More than twenty firms based in several countries have already signed-up to a shared vision to create a major new renewable energy power centre in the North Sea and to maximise the significant opportunities that come with it. Early signatories include major offshore wind developers (such as Scottish Power, Dong, Mainstream, Statoil and Statkraft); manufacturers (such as Siemens, Gamesa, Alstom, Areva), as well as a wide range of supply chain companies (such as TAG Energy Solutions, JDR Cables and David Brown Gear Systems).

Under the provisional name of Norstec, which takes inspiration from the Desertec solar initiative, this brings together key players who recognise the enormous opportunity offered by the North Sea. This network will come together around the time of the June Renewable UK conference on global offshore wind to confirm in more detail how the new partnership will operate.

Confirmed energy investments include:
• E.ON is announcing a major new cable installation contract for its £736m Humber Gateway offshore wind farm awarded to British company Balfour Beatty.
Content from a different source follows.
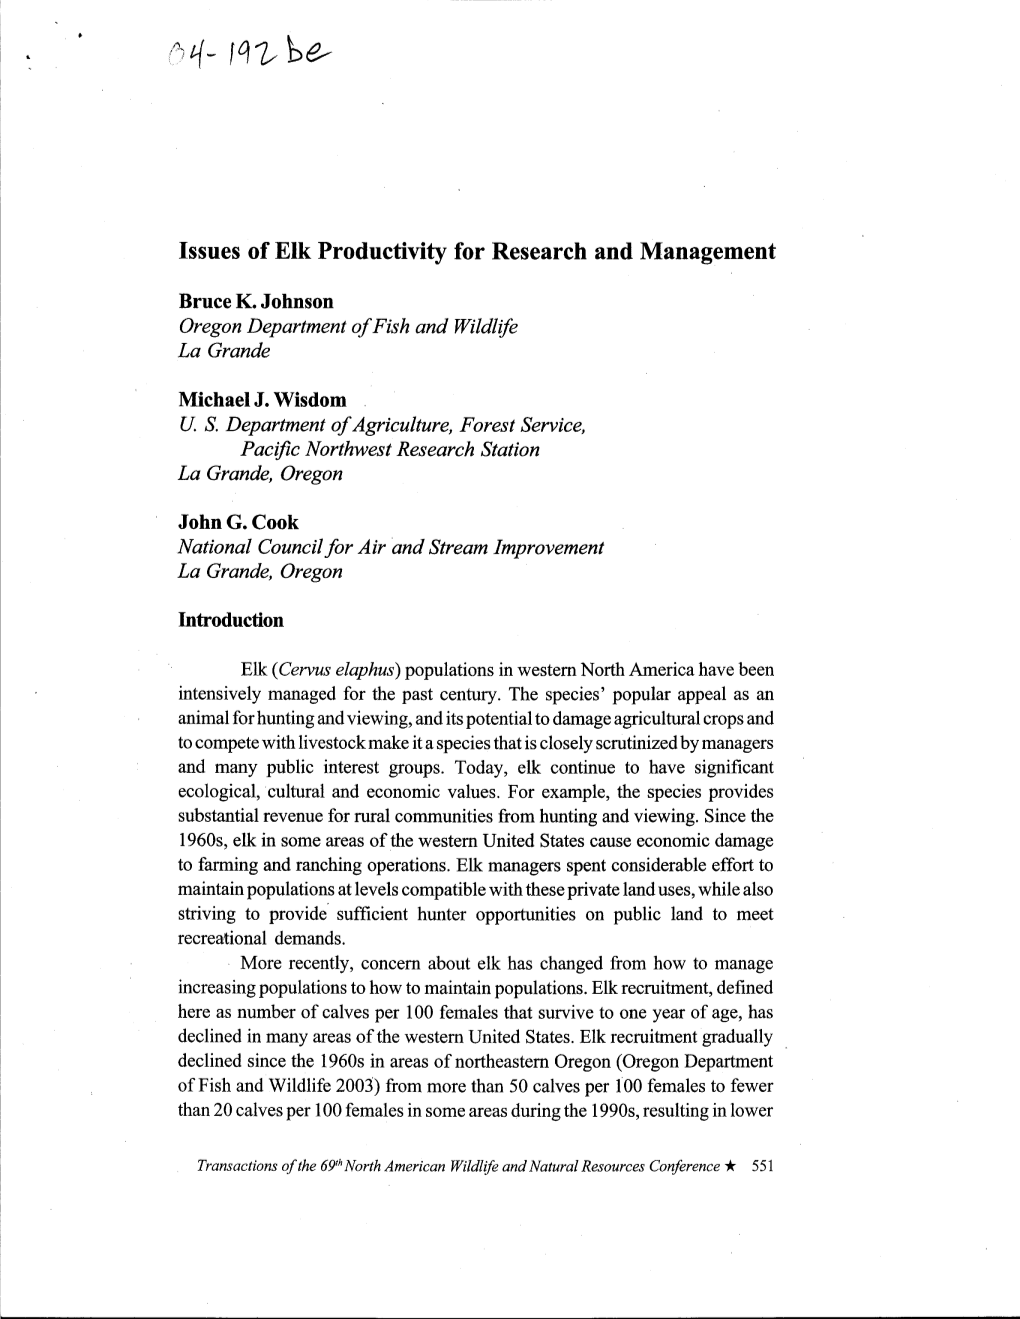 Issues of Elk Productivity for Research and Management

Over 30km of wholly UK-manufactured cable will be installed to connect the wind farm
• JDR Cables is announcing that it has completed investment of £30million in its Hartlepool plant, bringing the company into a new phase of growth
• Helius Energy is announcing that it is working with a club of banks to project finance its 100MW Avonmouth dedicated biomass project at the Port of Bristol. The project will cost around £300m to construct and will create approximately 450 full time jobs during the construction phase and 40 new full-time long-term operations jobs. Further jobs will be created in relation to the maintenance and supply of the plant
• ECO2 has announced that construction will begin on the Sleaford Renewable Energy Plant within the next two weeks. Up to 250 people will be working on the site during construction of the 38MW straw fuelled biomass combined heat and power plant which is expected to employ up to 80 people when operational in 2014
• Banks Renewables is expected to announce a £21.9m funding agreement with The Co-operative Bank to fund the construction of the 20.4MW Penny Hill wind farm near Rotherham. The scheme will create 30 jobs during construction and a number of contracts will be awarded to local firms to supply material and conduct sub-contract works. Towers for the turbines will be manufactured by British engineering firm, Mabey Bridge, at their purpose-built factory near Chepstow

However, Green Energy UK is fighting back against the PM’s comments that green energy will be ‘cheap within years’. They say that despite misconceptions, green energy needn’t cost more than a regular tariff. Furthermore, Green Energy UK argues that despite the continued research and development surrounding the industry, the cost of renewable and green energy is continually competitive with traditional ‘brown’ tariffs, with some suppliers able to deliver eco-friendly energy at the same price as customers’ regional electricity companies.

Doug Stewart, CEO of Green Energy UK commented: “Today’s speech from David
Cameron stating that green energy will be ‘cheap within years’ casts an unfair aspersion that green and renewable energy is expensive in the UK. There is a general misconception that green energy means expensive energy, however, that doesn’t always have to be the case. Becoming ‘green’ does not need to mean you have to construct a wind farm in your garden, instead it may just mean opting for a renewable tariff from a green energy supplier.

“With a number of smaller energy suppliers breaking into the market, the utilities industry is becoming more competitive. Smaller suppliers are able to offer value for money due to lower overheads and are still able to offer the advantages of UK-based customer support.

“At Green Energy UK we want truly clean power sourcing to become mainstream, enabling us to distance ourselves from overseas production and utilise home-grown energy.”